LONDON, — Liberia, with co-sponsors Argentina and Panama, will submit a revised emissions proposal to the International Maritime Organization’s Marine Environment Protection Committee (MEPC) at its 84th Session, seeking to break a deadlock that stalled the previous Net Zero Framework last year.
The earlier framework polarized member states and drew strong opposition, including from the United States, during one of the IMO’s most contentious sessions. A vote on October 17, 2025 failed to secure a decisive outcome, with members opting to adjourn and rework the text. The IMO has traditionally prioritized broad-based consensus, a factor seen as critical to effective implementation of measures that rely on moral force rather than formal enforcement mechanisms.
The new Liberian draft removes a central element of the prior plan: a proposed IMO fund that would have collected fines for non-compliance. Some member states viewed the fund as punitive, arguing it would disproportionately affect smaller shipowners and tramp vessels. Questions were also raised about how proceeds from fines on “dirty” ships would be allocated and overseen. Critics said the structure amounted to a tax on shipping without a direct link to beneficiaries of shipping services.

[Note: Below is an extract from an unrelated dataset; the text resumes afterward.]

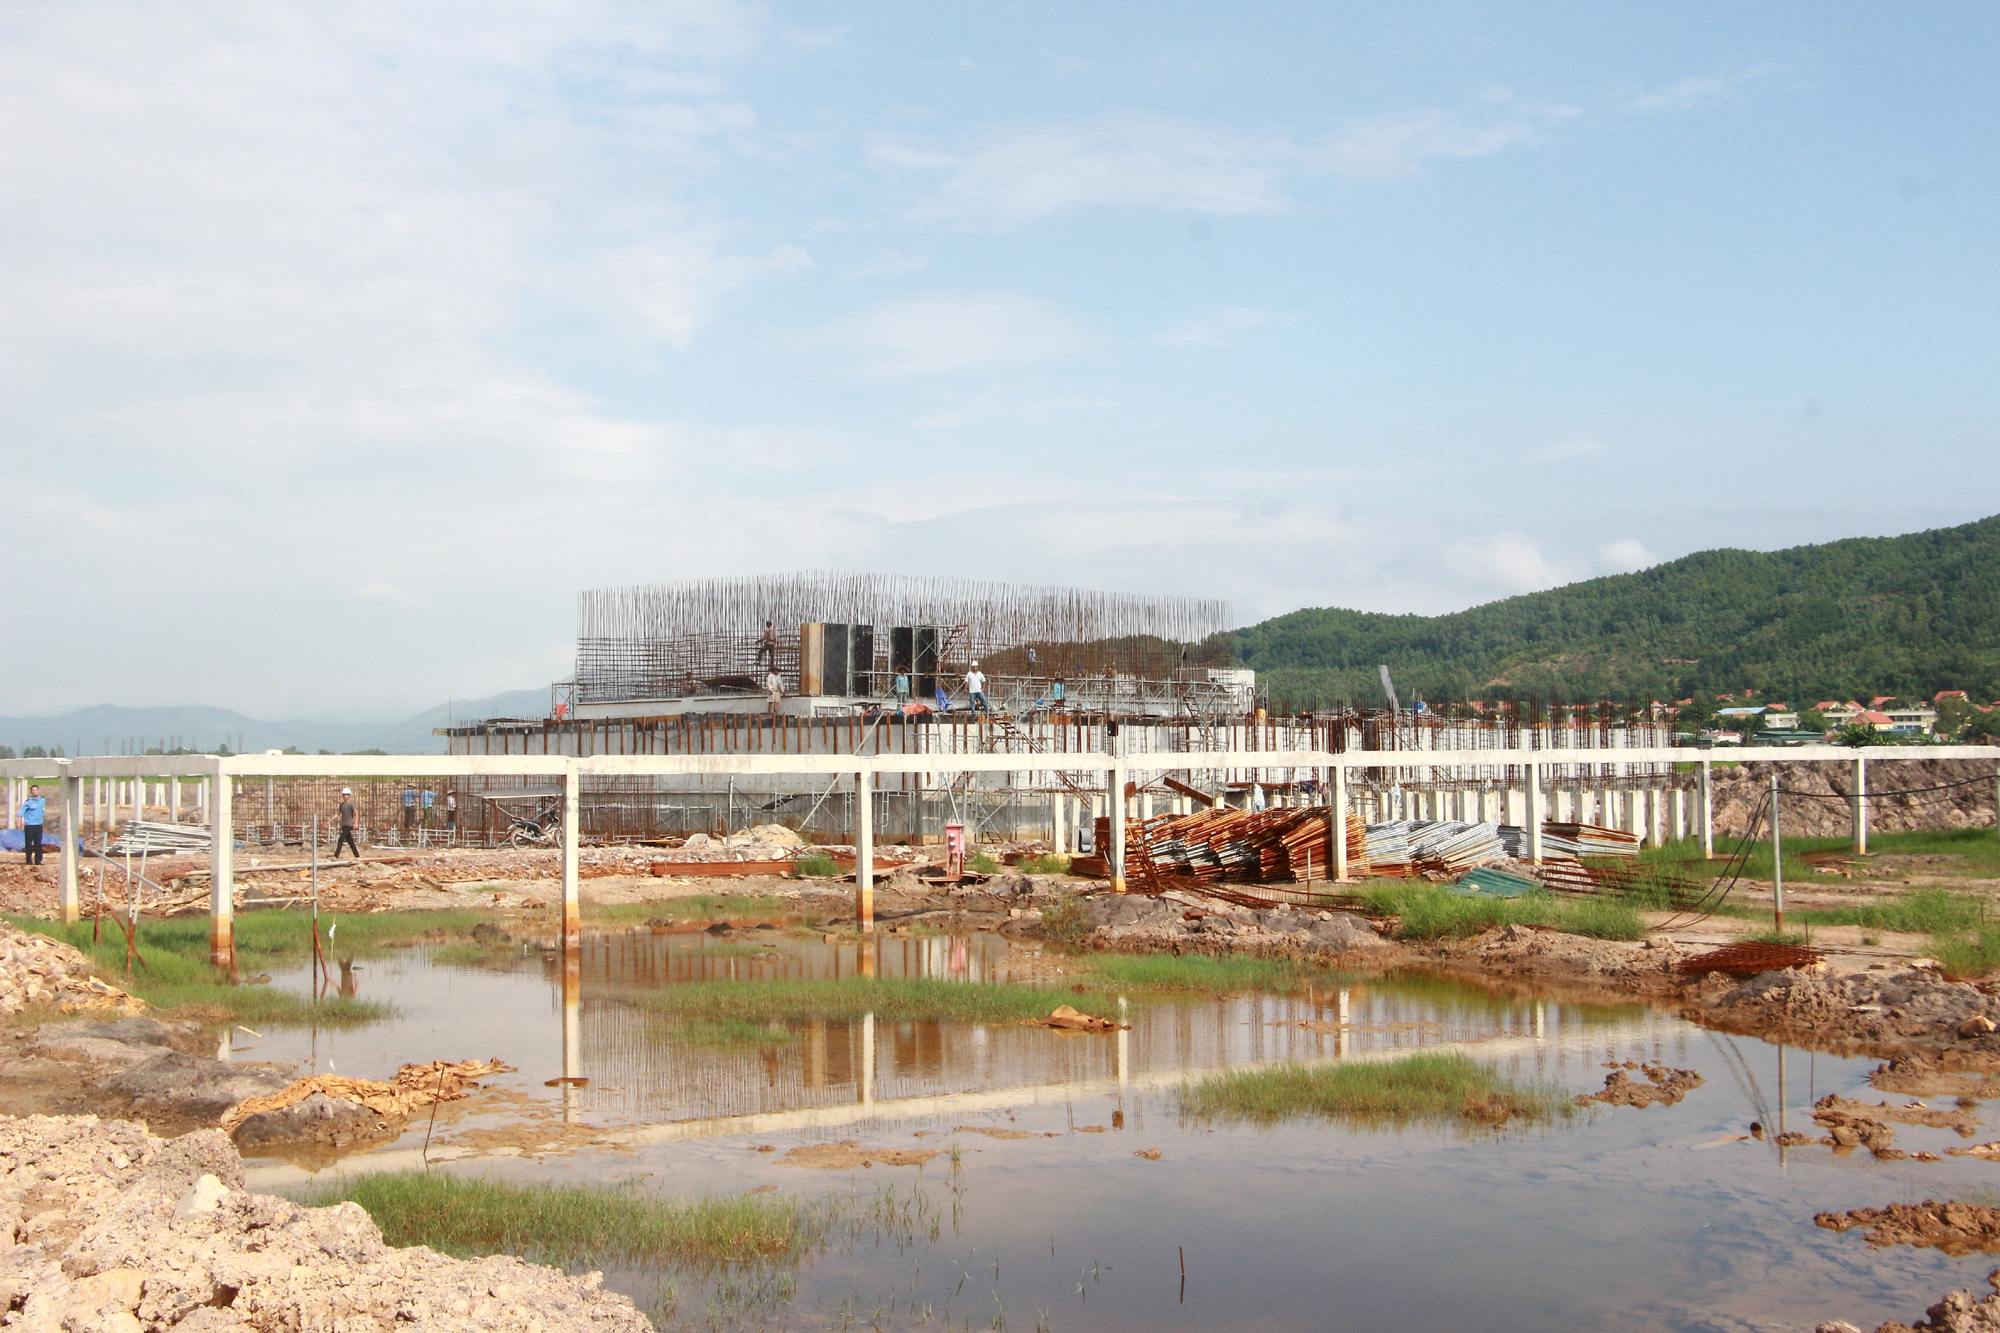 Trạm cấp nước sạch công suất 6.500m3/ngày/đêm trong KCN Sông Khoai đang được triển khai đầu tư xây dựng. Ảnh: Mạnh Trường

Instead, the revised proposal shifts toward incentives to accelerate adoption of lower-emission fuels and technologies. It links targets to fuel availability and uptake, and expands the scope to include well-to-wake emission reductions regardless of energy source. The draft also references emission-reducing technologies such as onboard carbon capture systems and wind-assisted propulsion, areas supported by shipowners’ associations. Under the plan, targets would be set on a five-year cycle to account for the rollout of fuels and technologies and to give owners a framework for fleet planning.
Attention is now on how U.S. delegate Marco Sylvester, Deputy Assistant Secretary for Transportation Affairs, will respond to the new approach. While Sylvester has previously opposed emissions measures, three former opponents — Liberia, Argentina and Panama — are sponsoring the current draft. Saudi Arabia and other Gulf countries that rejected the earlier proposals are also backing what supporters describe as a pragmatic framework.
Senior national representatives attending the MEPC session are expected to address wider maritime security issues as well. Discussions may cover the Strait of Hormuz, where Iran has sought to introduce controls and tolls over a Traffic Separation Scheme adopted by the IMO in 1968. The scheme was approved by broad consensus and remains binding on the 164 signatories to the IMO’s Convention on Safety of Life at Sea, including the United States, Iran, Oman, and other Gulf states. Singapore’s Foreign Minister Vivian Balakrishnan recently noted that freedom of transit passage is well-established in customary international law, even for states that have not ratified the Convention.